■ TASK DESCRIPTION: Output the complete listing exactly, please, and keep the pictures out of it.

■ COLLECTED MATERIAL:
....................
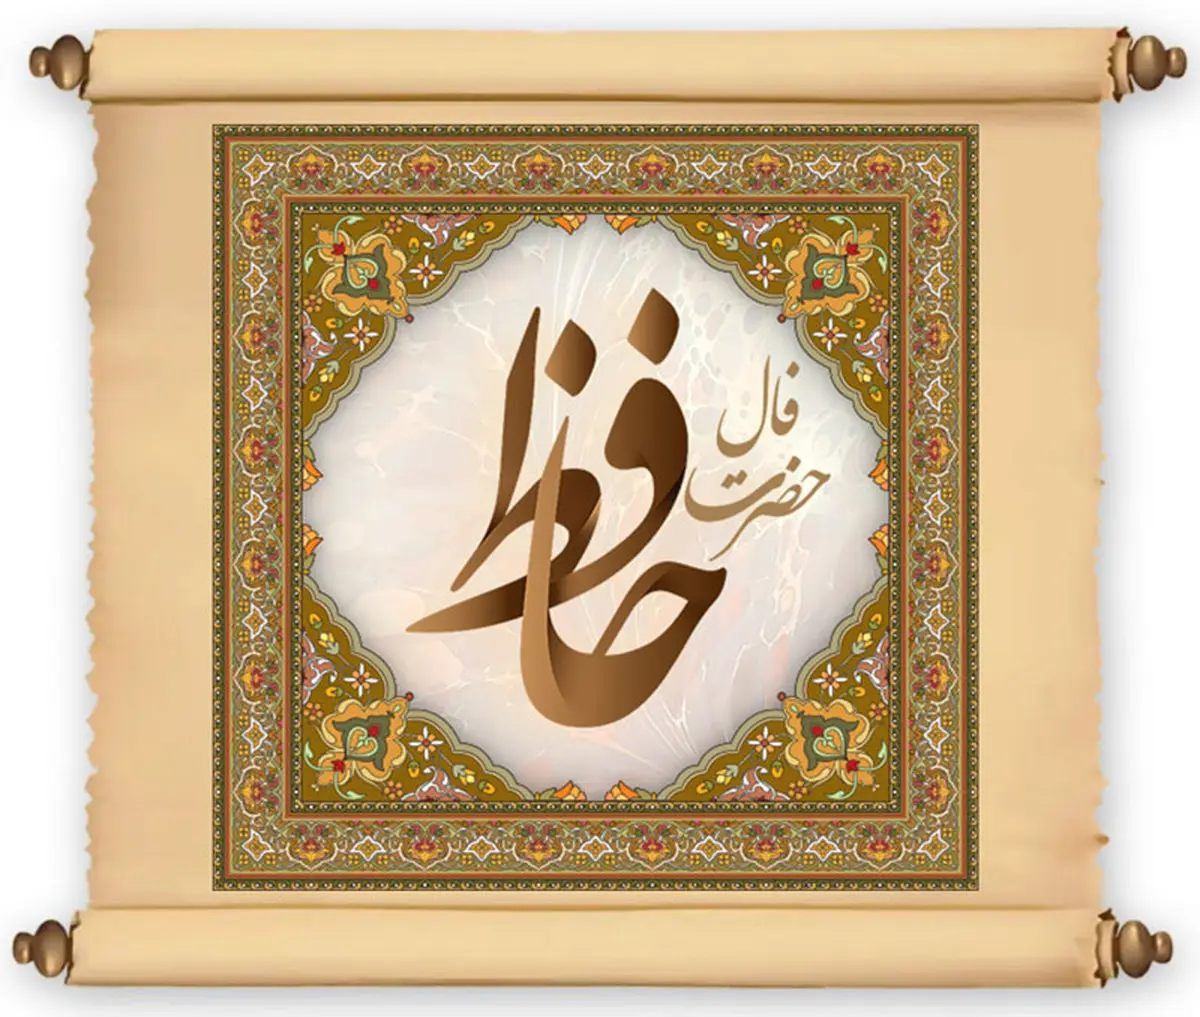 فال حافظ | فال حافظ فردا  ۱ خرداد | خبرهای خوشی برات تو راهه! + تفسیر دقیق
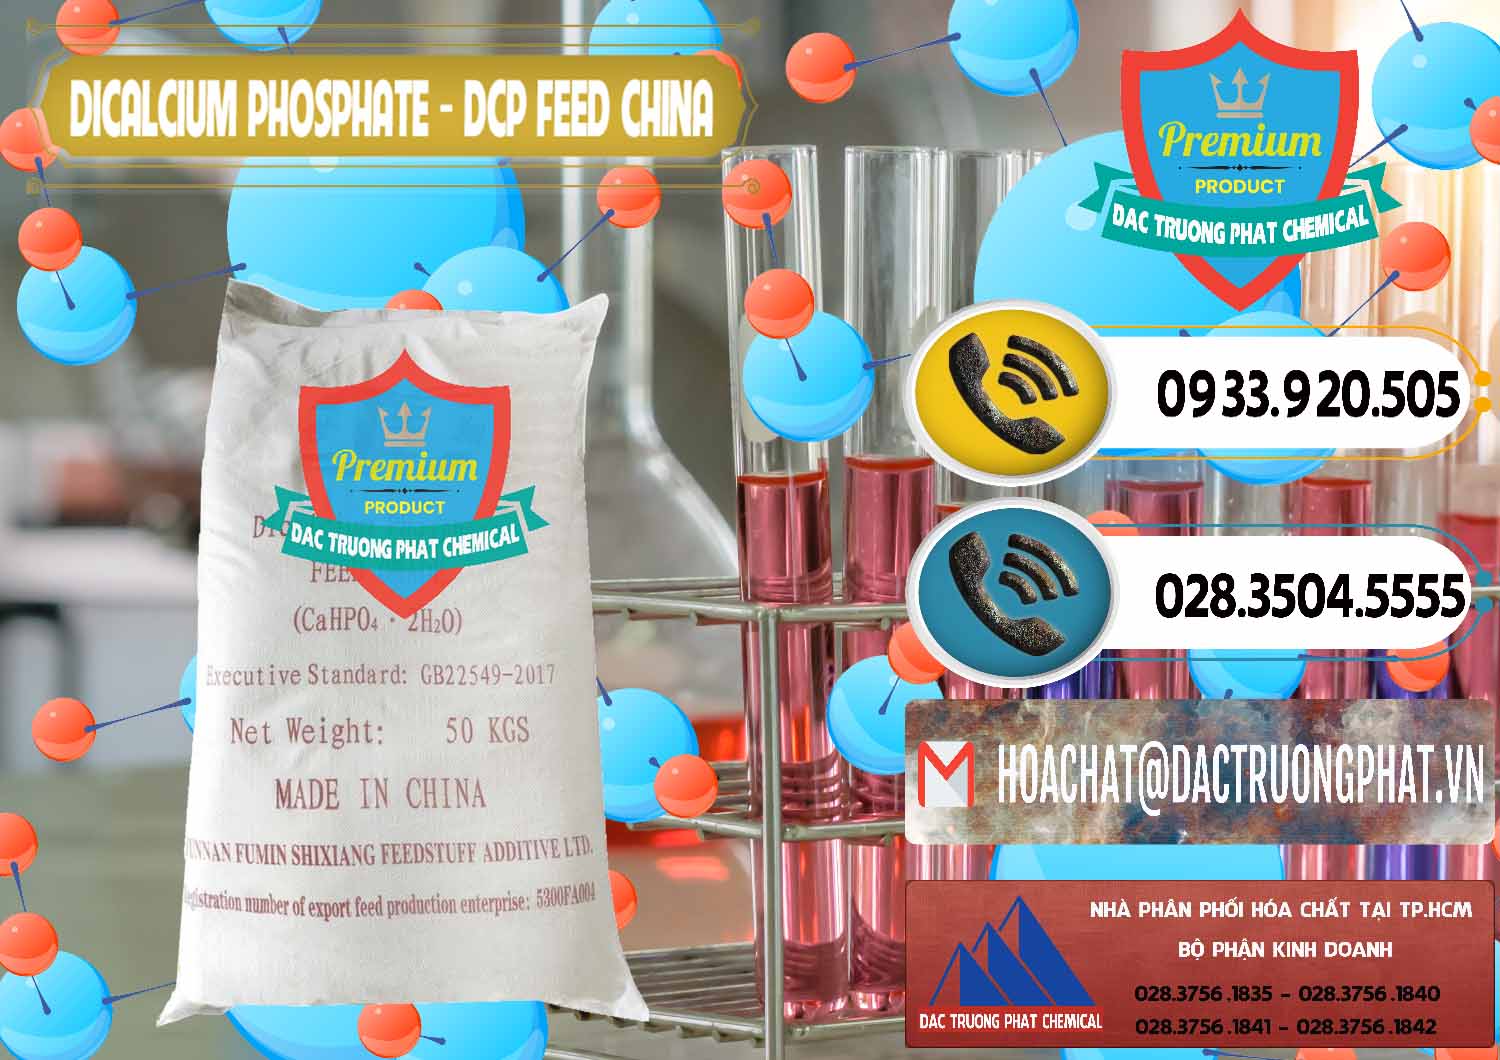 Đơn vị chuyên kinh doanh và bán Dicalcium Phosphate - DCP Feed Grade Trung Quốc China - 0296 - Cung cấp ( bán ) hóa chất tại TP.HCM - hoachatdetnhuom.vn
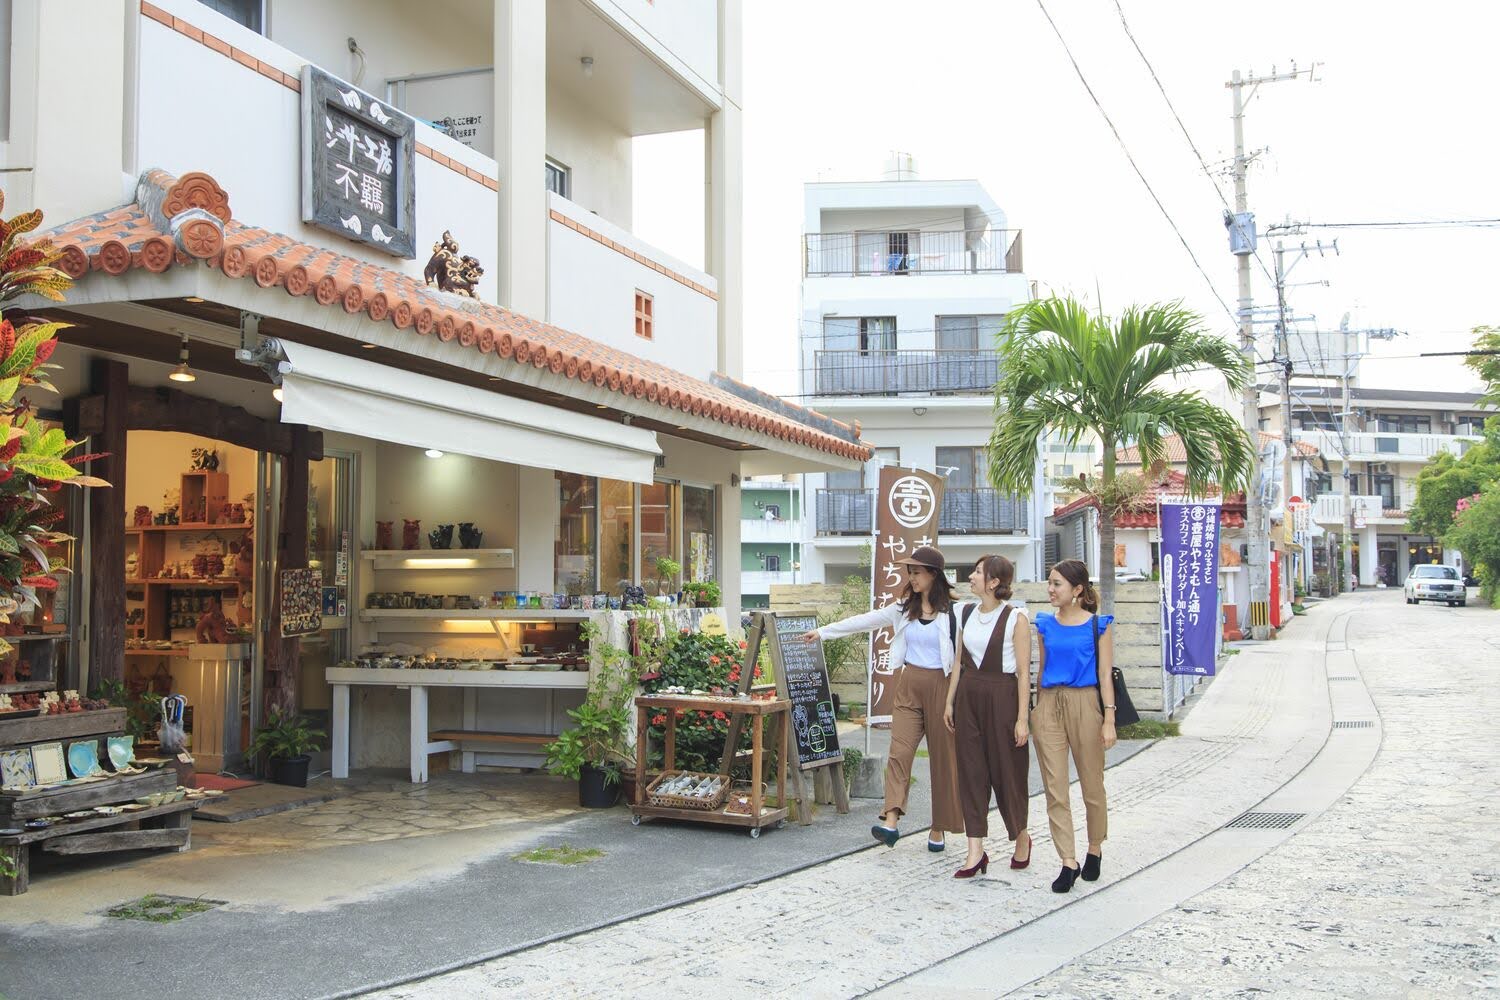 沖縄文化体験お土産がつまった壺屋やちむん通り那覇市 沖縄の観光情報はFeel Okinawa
....................
■ RESPONSE TO THIS TASK:
 فال حافظ | فال حافظ فردا  ۱ خرداد | خبرهای خوشی برات تو راهه! + تفسیر دقیق
 Đơn vị chuyên kinh doanh và bán Dicalcium Phosphate - DCP Feed Grade Trung Quốc China - 0296 - Cung cấp ( bán ) hóa chất tại TP.HCM - hoachatdetnhuom.vn
 沖縄文化体験お土産がつまった壺屋やちむん通り那覇市 沖縄の観光情報はFeel Okinawa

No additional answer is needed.